Ensler suggests that most women in the world are more obsessed with their often distorted perception of one small part of their body than they are with any other aspect of their lives. For that matter, they are more fixated on that one body part than they are on world hunger, peace, or homelessness. They are more fixated on that one body part than they are on acheiving health, happiness or success. If they could have one wish, regardless of age, nationality, race, sex, economic class or social standing, it is to lose weight.
We fixate on our stomaches, our boobs, our legs, our noses. If we choose to mutilate ourselves and "fix" this perfectly functional body part to make it more how we'd imagine we'd like it to be, we then fixate on a new part of our bodies to dislike. We inundate ourselves with images of "good" bodies, and then punish ourselves for not looking like that, even though our concious minds are fully aware that those images are faked and 'shopped to look the way they do. Even the most radical feminist of us self-punishes this way. No wonder we aren't leading corporations and political parties as often as we should. We're too busy dieting.
In the preface Eve writes, "...when one out of three women in the world will be beaten or raped in her lifetime, why write a play about my stomach?" Eve then answers herself, "...because my stomach is one thing I feel I have control over, or maybe because I have hoped that my stomach is something I could get control over."

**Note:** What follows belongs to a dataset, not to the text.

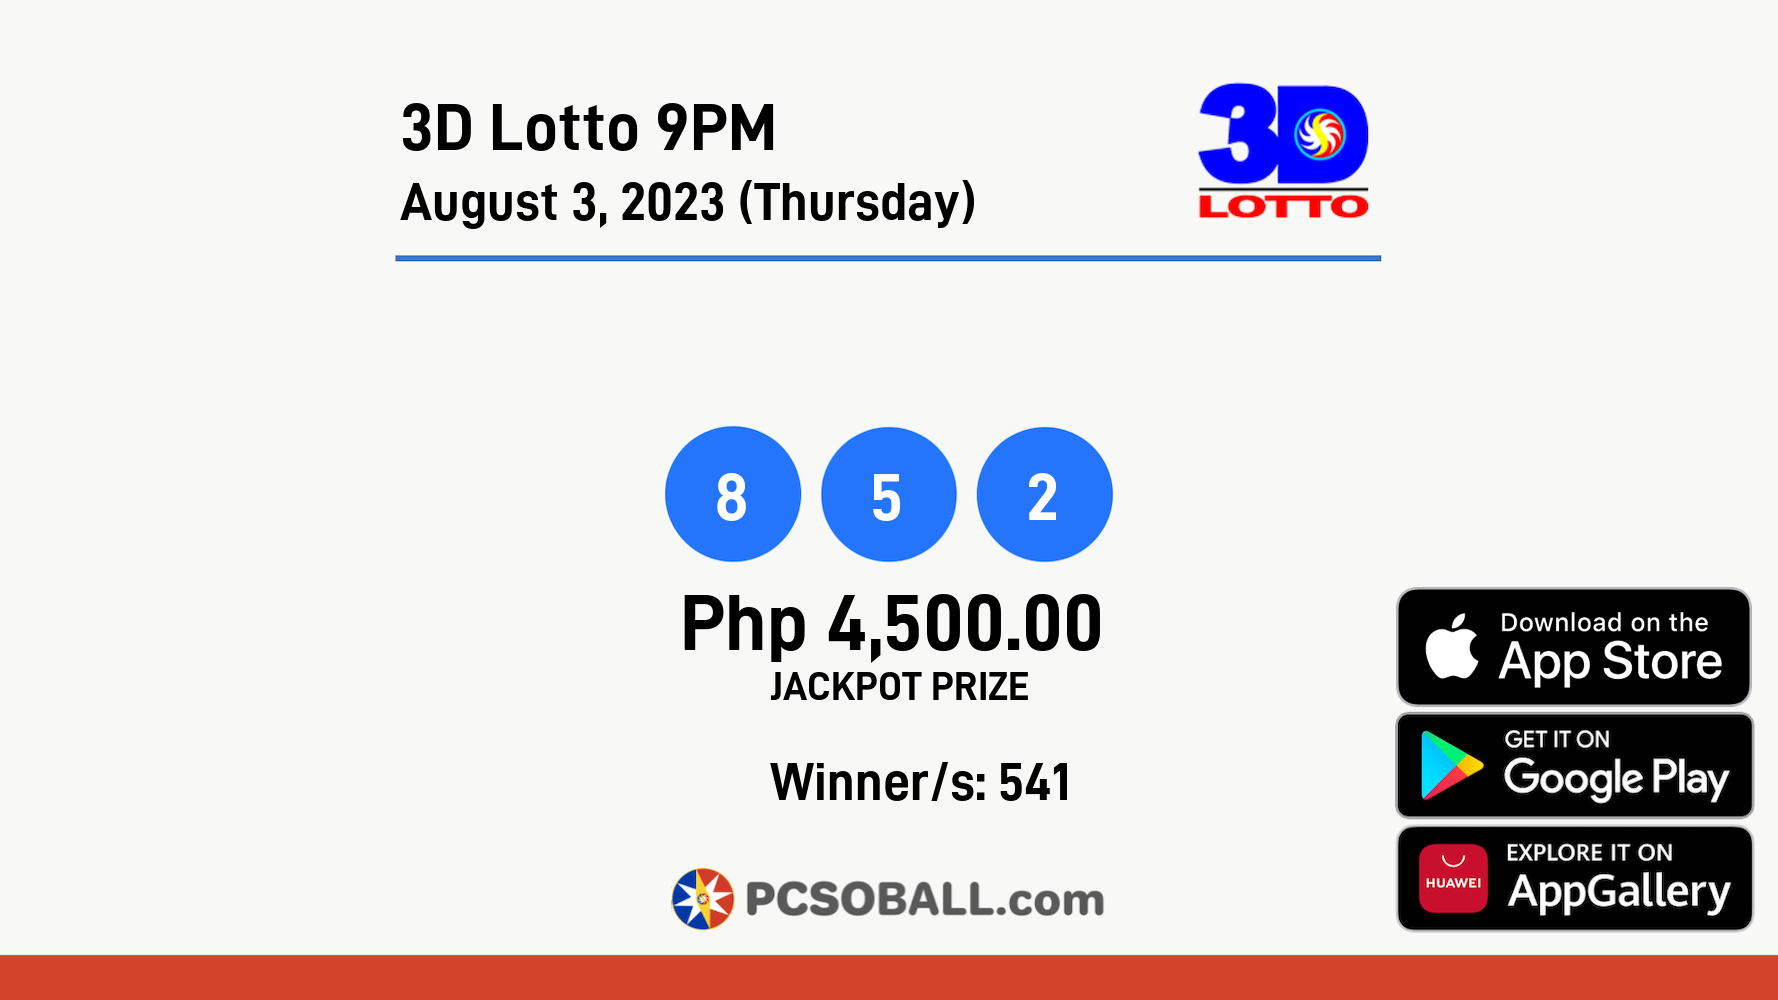 3D Lotto 9PM August 3, 2023 (Thursday) Result

Control. Women are obsessed with control. Maybe it is because we have felt out of control for so many generations. A lack of choice makes you feel controlled. We are obsessed with controling our food. Our bodies. Eating disorders are the worst side of this, extreme dieting the middle of the road, diet soda the everyday. It is distorted that we believe we are in control by doing this. Then we wish for greater self-control. More discipline. If only.
We've been told we're equals, but perhaps because this isn't really true, and we don't have enough control over any other aspect of our lives, we obsess over the wrong things - things that don't need controlling. Our bodies are fine as they were made.
The play will help you to feel idiotic for wasting any of your precious mental resources on such a dalliance. It does it as well as the Beauty Myth, which is similar in message, though stronger in delivery.
It helps to comisserate with other women, to feel a part of something, to relate. Where the play falls flat is in the stereotypes - the "skinny bitch" makes a few to many appearances while the negative self talk gets tiring and a bit depressing. The author never resolves this and never finds a way out; "'s what I think I've learned so far: In order to be good, I've got to be a smiling psychopath, deprived of pretzels, deeply involved with a Nazi trainer, fortunately numb from the botulinism, white vanilla fat sucked out with rods, and my pussy tightened."

Certainly cathartic, the play would be enjoyable to see in order to have the feelings of a shared experience. Standing alone, it is missing any reasonable solutions for overcoming the very problems it highlights.